I have a workflow where after a push to master I want to create a release and upload an asset to it.
I'm using actions/create-release@v1
and actions/upload-release-asset@v1
.
I would like to pass the outputs of a bash commands to the action parameters. However I found out the syntax of "$(command)" does not work.
How can I pass the output of a bash command to an action's parameter.
For example I'd like to do something like this:
- name: Create Release
id: create_release
uses: actions/create-release@v1
env:
GITHUB_TOKEN: ${{ secrets.token }}
with:
tag_name: $(cat projectFile | grep -Po '(?<=Version>).*(?=</Version>)')
Passing values between steps and jobs in a workflow If you generate a value in one step of a job, you can use the value in subsequent steps of the same job by assigning the value to an existing or new environment variable and then writing this to the GITHUB_ENV environment file.

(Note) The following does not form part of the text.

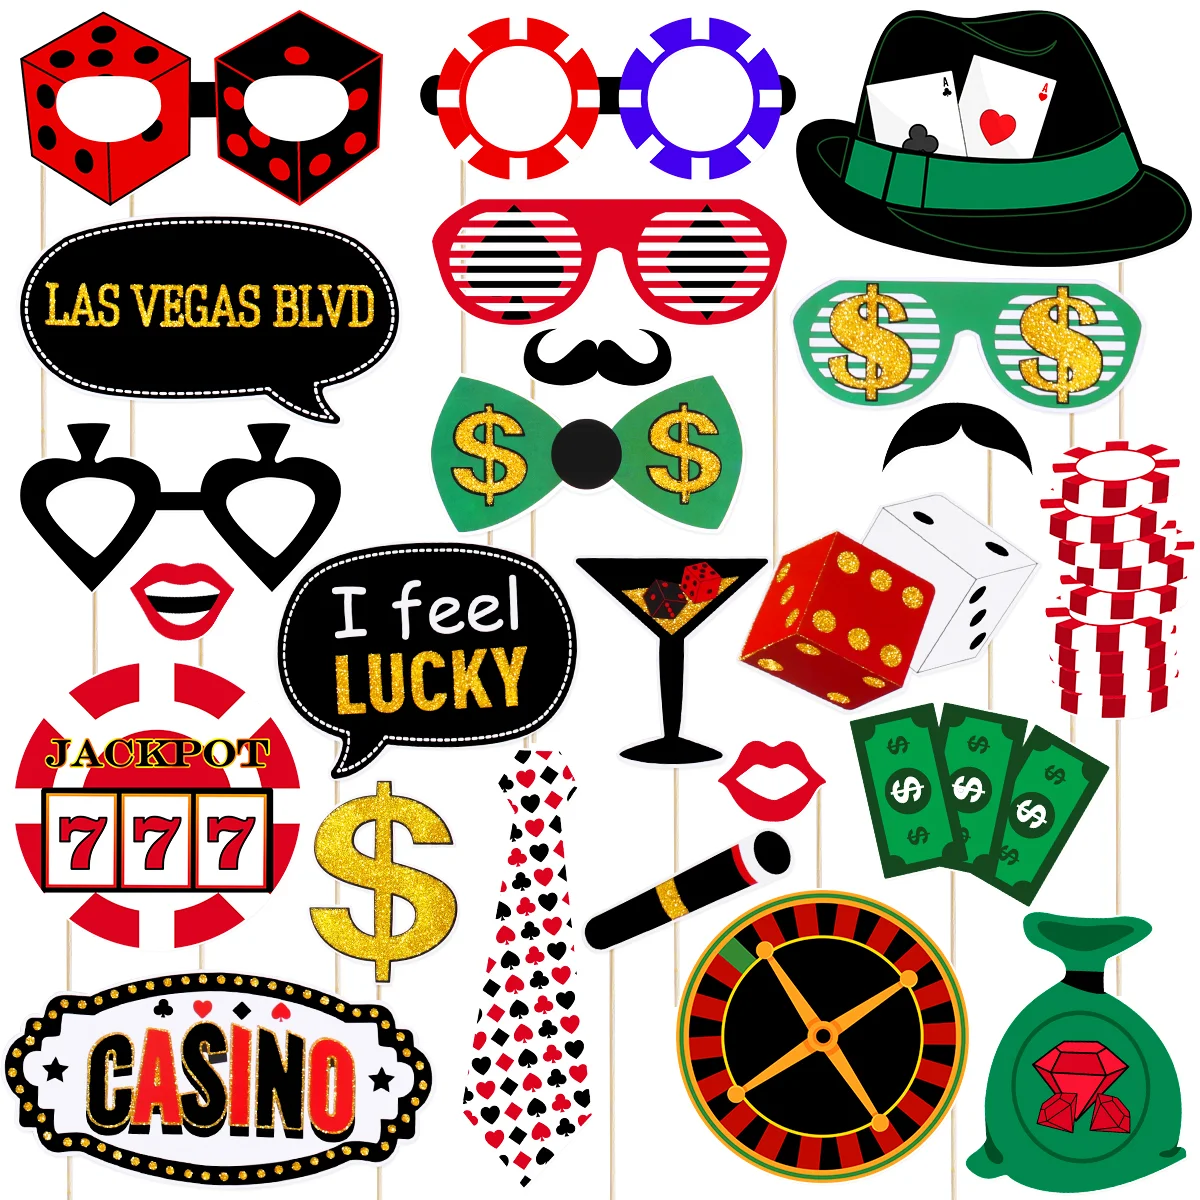 

Фотообои с изображением казино, реквизит для фотобудки в Вегасе, сувениры на тему Лас-Вегаса, принадлежности для селфи, украшение для ночной фотобудки, блеск на день рождения

With GitHub Actions, you can trigger CI/CD workflows and pipelines of webhooks from these apps (even something simple, like a chat app message, if you've integrated your chat app into your GitHub repository, of course).
Now that set-env
is deprecated you can use set-output
to accomplish the same thing in this answer
- name: Retrieve version
run: |
echo "::set-output name=TAG_NAME::$(cat projectFile | grep -Po '(?<=Version>).*(?=</Version>)')"
id: version
- name: Create Release
id: create_release
uses: actions/create-release@v1
env:
GITHUB_TOKEN: ${{ secrets.token }}
with:
tag_name: ${{ steps.version.outputs.TAG_NAME }}
References:
https://docs.github.com/en/free-pro-team@latest/actions/reference/workflow-commands-for-github-actions#using-workflow-commands-to-access-toolkit-functions
How to save the output of a bash command to output parameter in github actions
Use environment files
steps:
- name: Set the value
id: step_one
run: |
echo "FOO=$(git status)" >> $GITHUB_ENV
- name: Use the value
id: step_two
run: |
echo "${{ env.FOO }}"
UPDATE: This answer will not work as GitHub as disabled this syntax for security reasons. You should use environment files instead.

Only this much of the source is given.